## Exercise directions:
For this task, copy all of the data below exactly and skip the pictures.

## Available data:
>>>>>

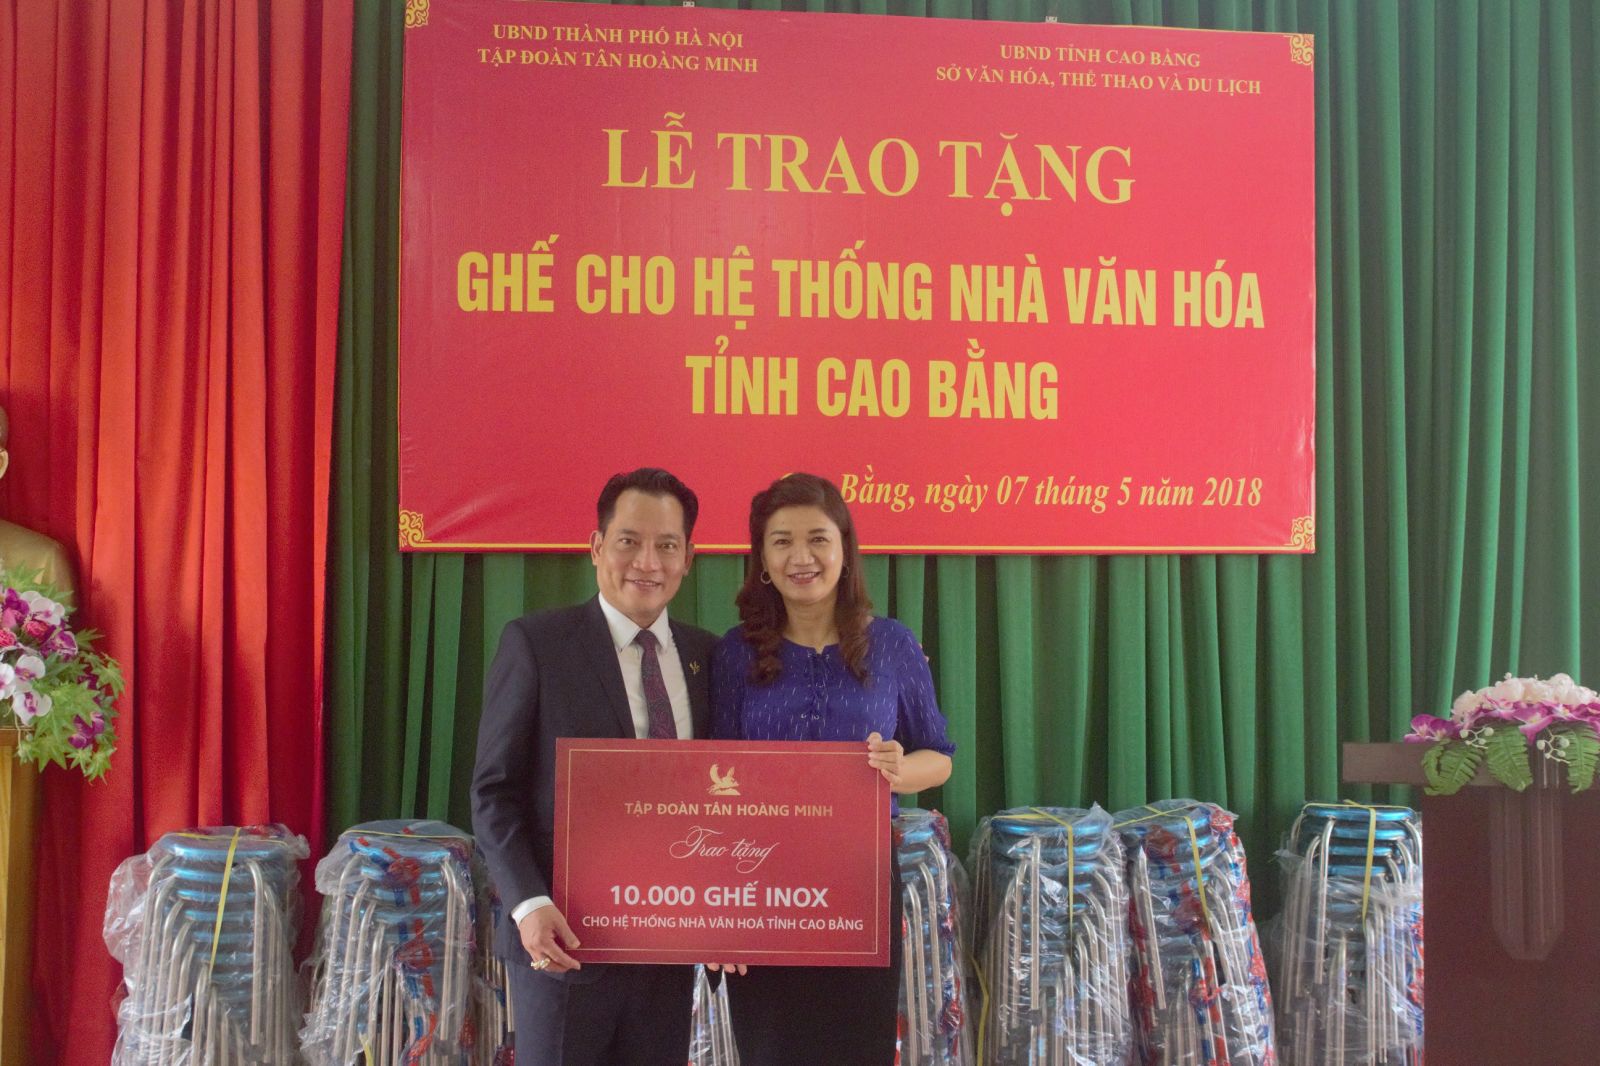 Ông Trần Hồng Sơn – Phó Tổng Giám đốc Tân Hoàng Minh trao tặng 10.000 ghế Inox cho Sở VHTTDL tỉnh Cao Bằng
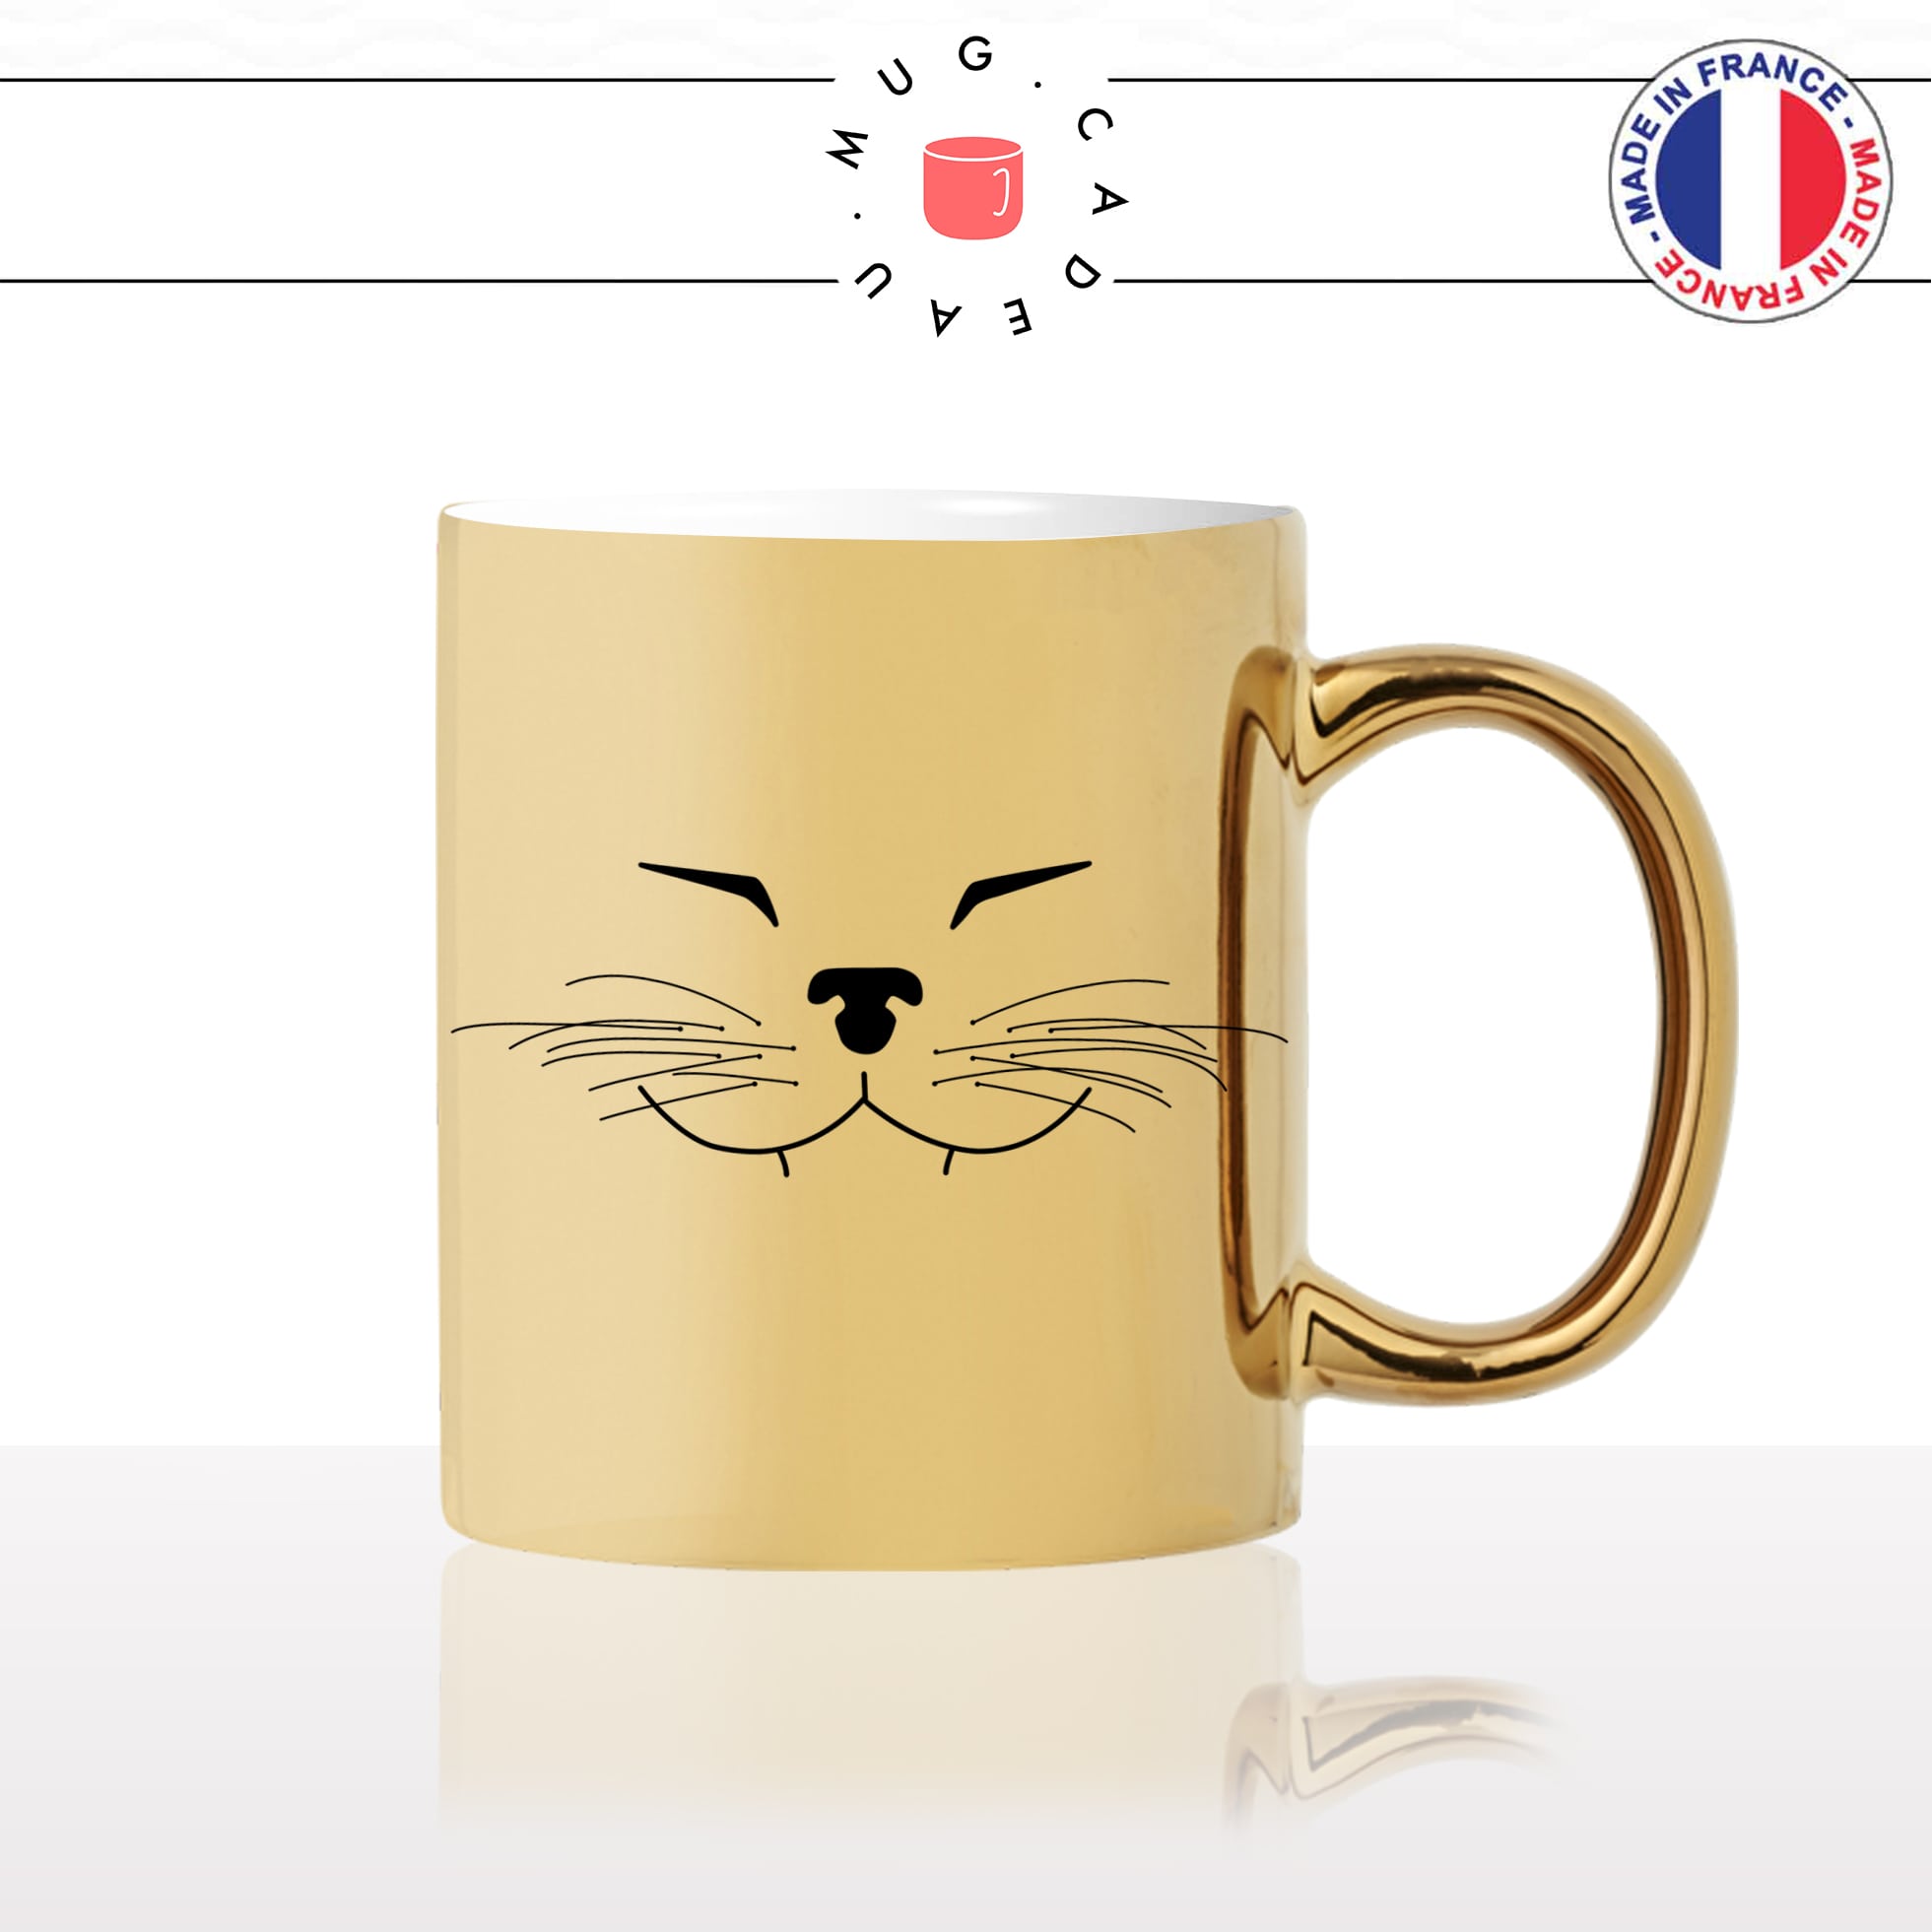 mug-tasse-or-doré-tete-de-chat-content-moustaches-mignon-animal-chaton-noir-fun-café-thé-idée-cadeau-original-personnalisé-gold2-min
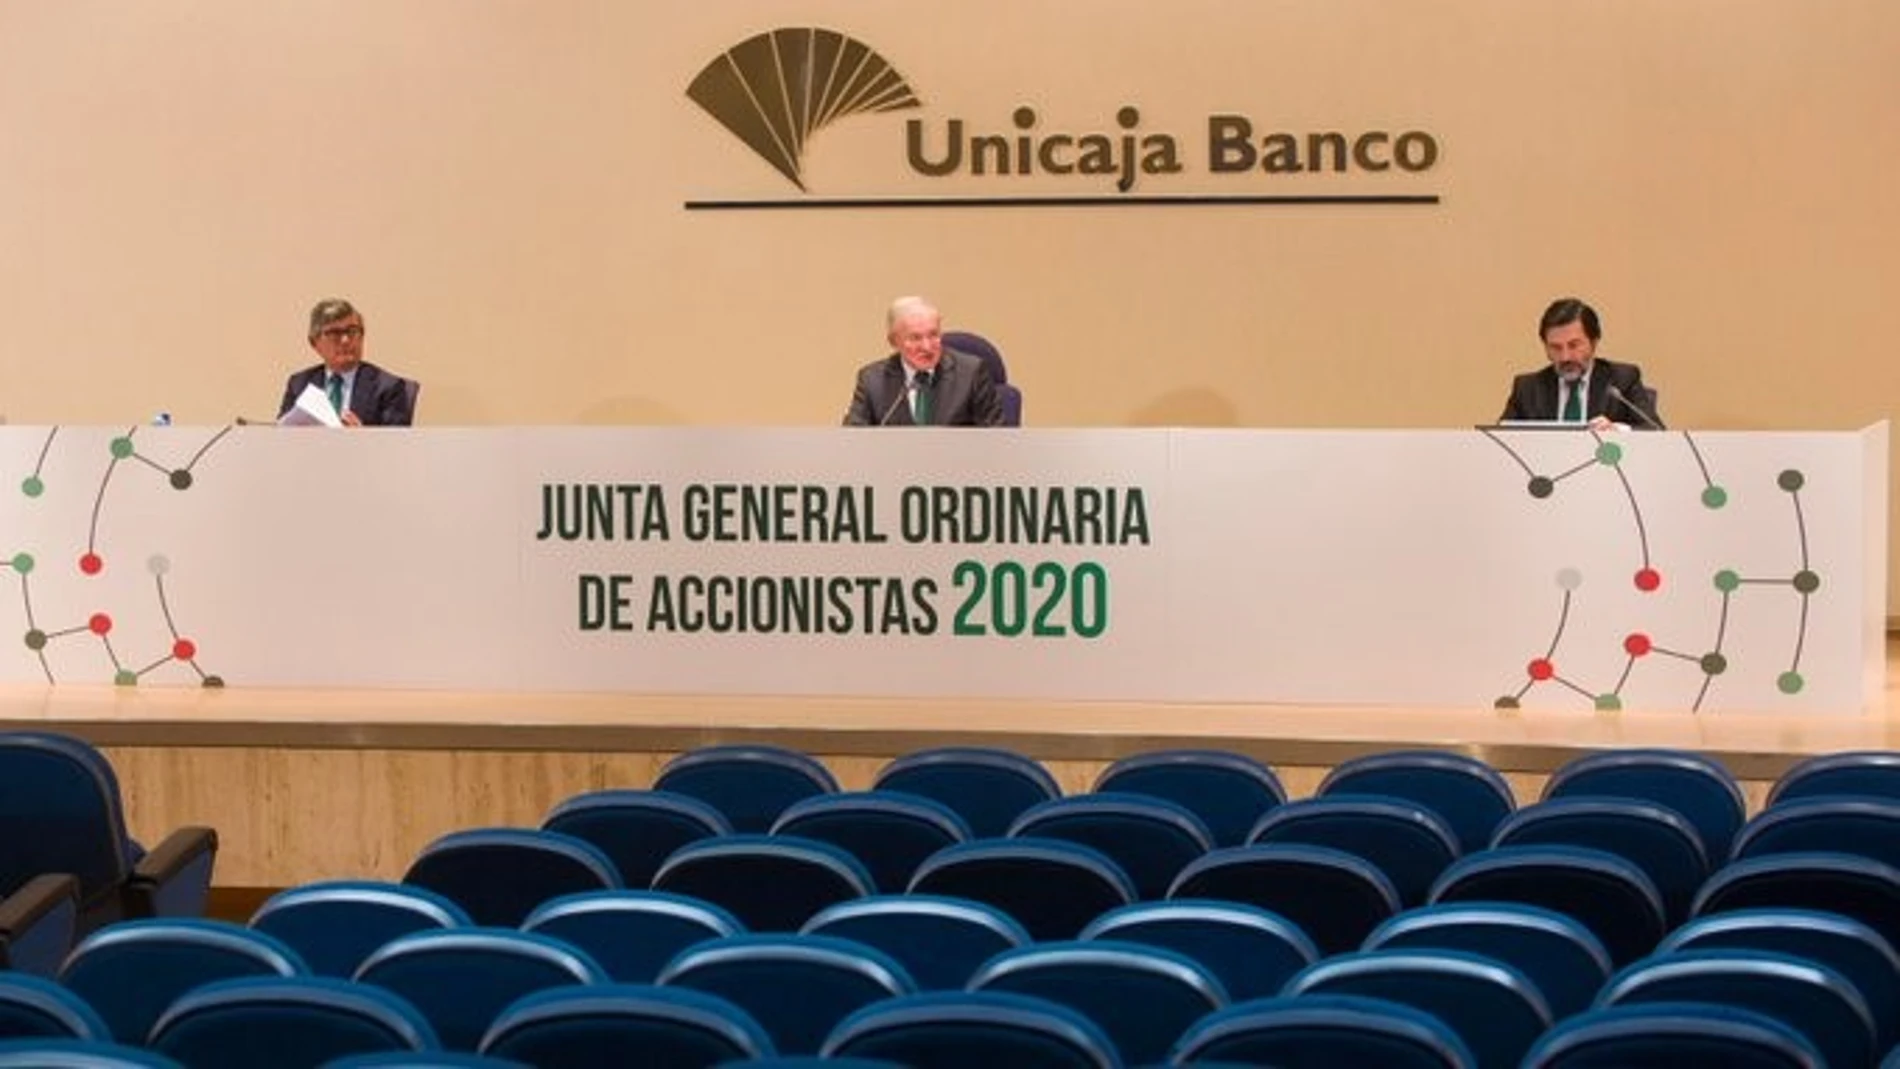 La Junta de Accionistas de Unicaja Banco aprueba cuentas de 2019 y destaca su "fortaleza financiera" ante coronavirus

<<<<<

## Written answer:
 Ông Trần Hồng Sơn – Phó Tổng Giám đốc Tân Hoàng Minh trao tặng 10.000 ghế Inox cho Sở VHTTDL tỉnh Cao Bằng
 mug-tasse-or-doré-tete-de-chat-content-moustaches-mignon-animal-chaton-noir-fun-café-thé-idée-cadeau-original-personnalisé-gold2-min
 La Junta de Accionistas de Unicaja Banco aprueba cuentas de 2019 y destaca su "fortaleza financiera" ante coronavirus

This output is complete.